An example of such a fundamental shift is moving from the limited, short-term deprivation of a diet to the continual, long-term enjoyment of a more enhanced lifestyle.
I have often said, “Maintenance is the largest burden of ownership.” Norcross explains that psychologists define maintenance as the consolidation and continuation of behavior change across time, long after the psychologist’s treatment ends, by intentional, active pursuit of continuing the change obtained.
Maintenance requires internalization of the skills and strategies used in the perspire step, which should be less intense as they become pleasant, almost automatic habits.
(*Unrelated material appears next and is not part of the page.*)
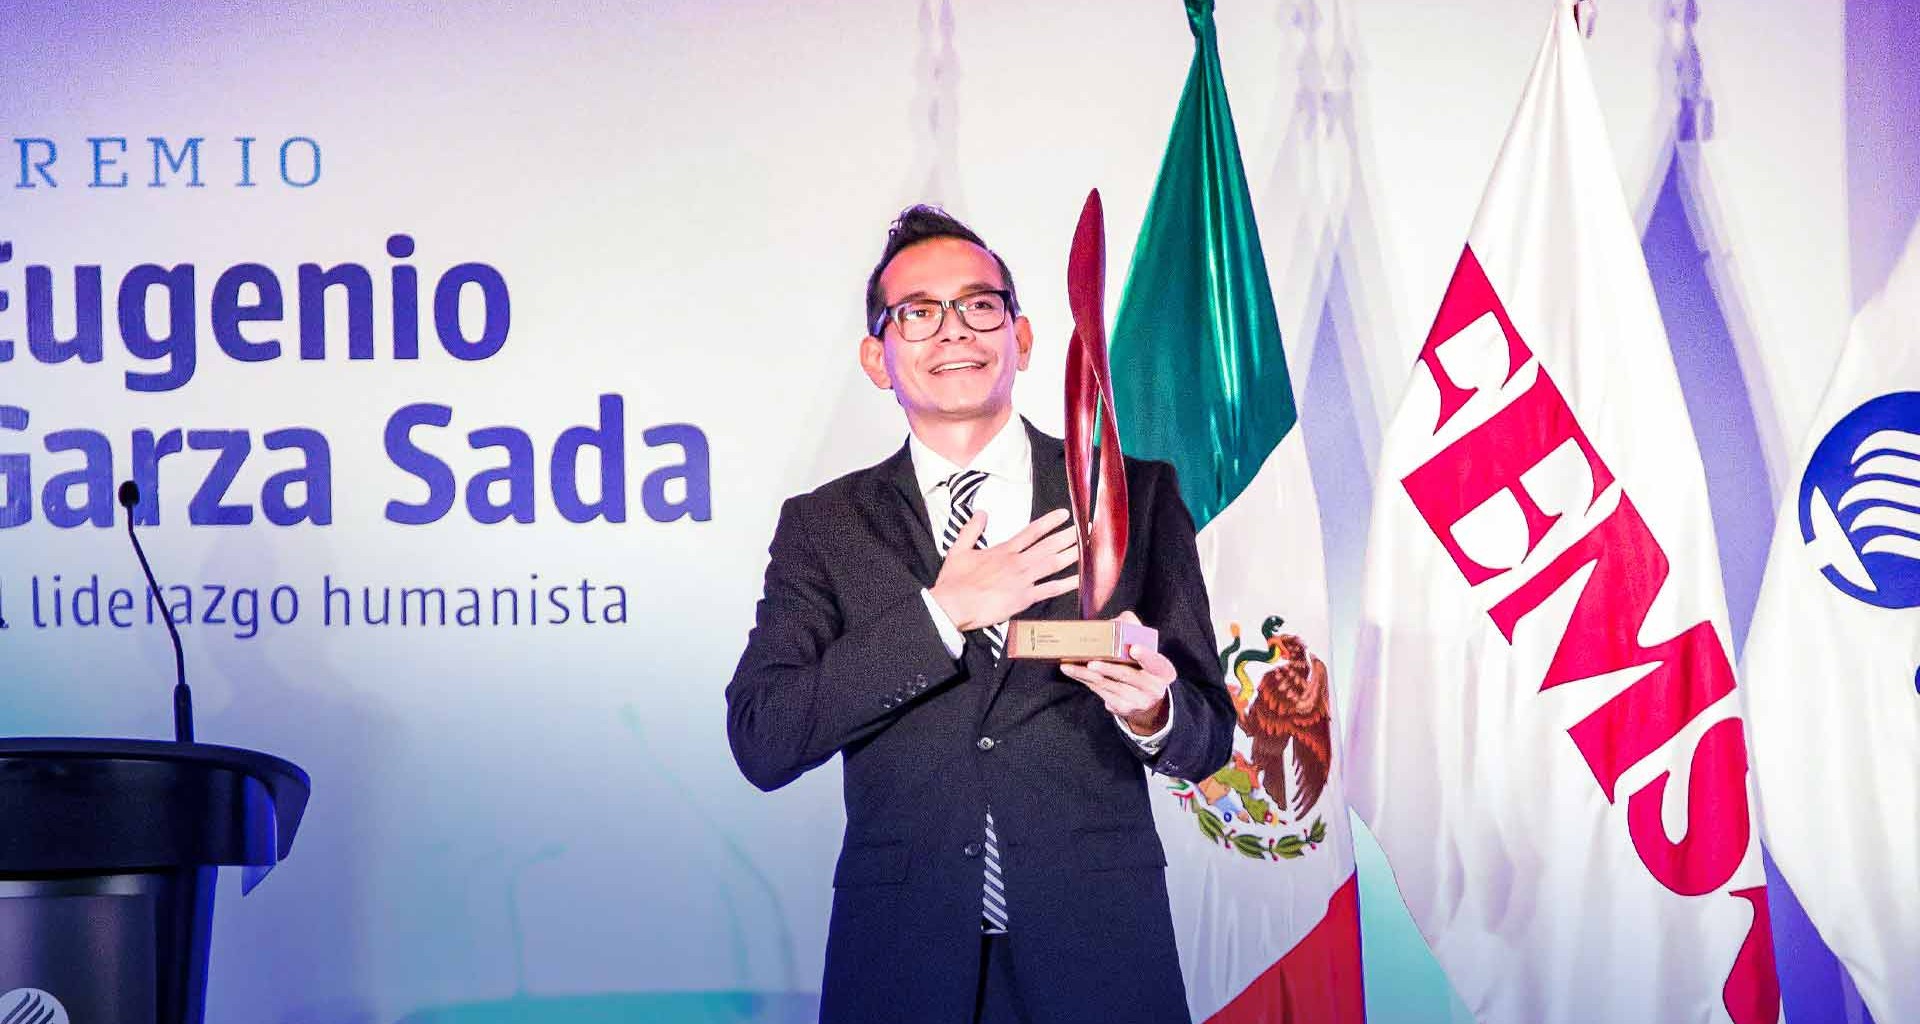 Entrega del Premio Eugenio Garza Sada 2021 por parte de FEMSA y el Tec de Monterrey.

One seeking to maintain change, however, should never cease using on some level those perspire skills.
Norcross warns again about step mismatching, using the good skills and strategies, but using them in the wrong steps. The persistence phase is not the time to go back and raise your awareness and arouse your emotions like it should have been done in the psych, prep, and perspire stages.
One skill/strategy that spans all five steps, however, is tracking your progress to monitor the changed behavior closely and detect any regression quickly. Using a change team continues through the persist step as well.
Tracking your progress in the maintenance phase should help you realize what action catalysts work best for you and which environments prompt you to regress. You will probably find the triggers for limited slips are quite different from the triggers promoting gradual decay.
Norcross recommends reducing the frequency of the tracking your progress and contacting your change team. In addition, he recommends shifting from receiving help from others to giving help to others coming along the path you just traveled. Your extrinsic rewards should decrease as your intrinsic rewards of self-esteem and wellbeing increasing. Countering previous “undesired” behaviors with new “preferred” behaviors by affirmation of the negative and positive effects of each respectively defeats the “denial” aspect of not getting to do something you thought you previously enjoyed.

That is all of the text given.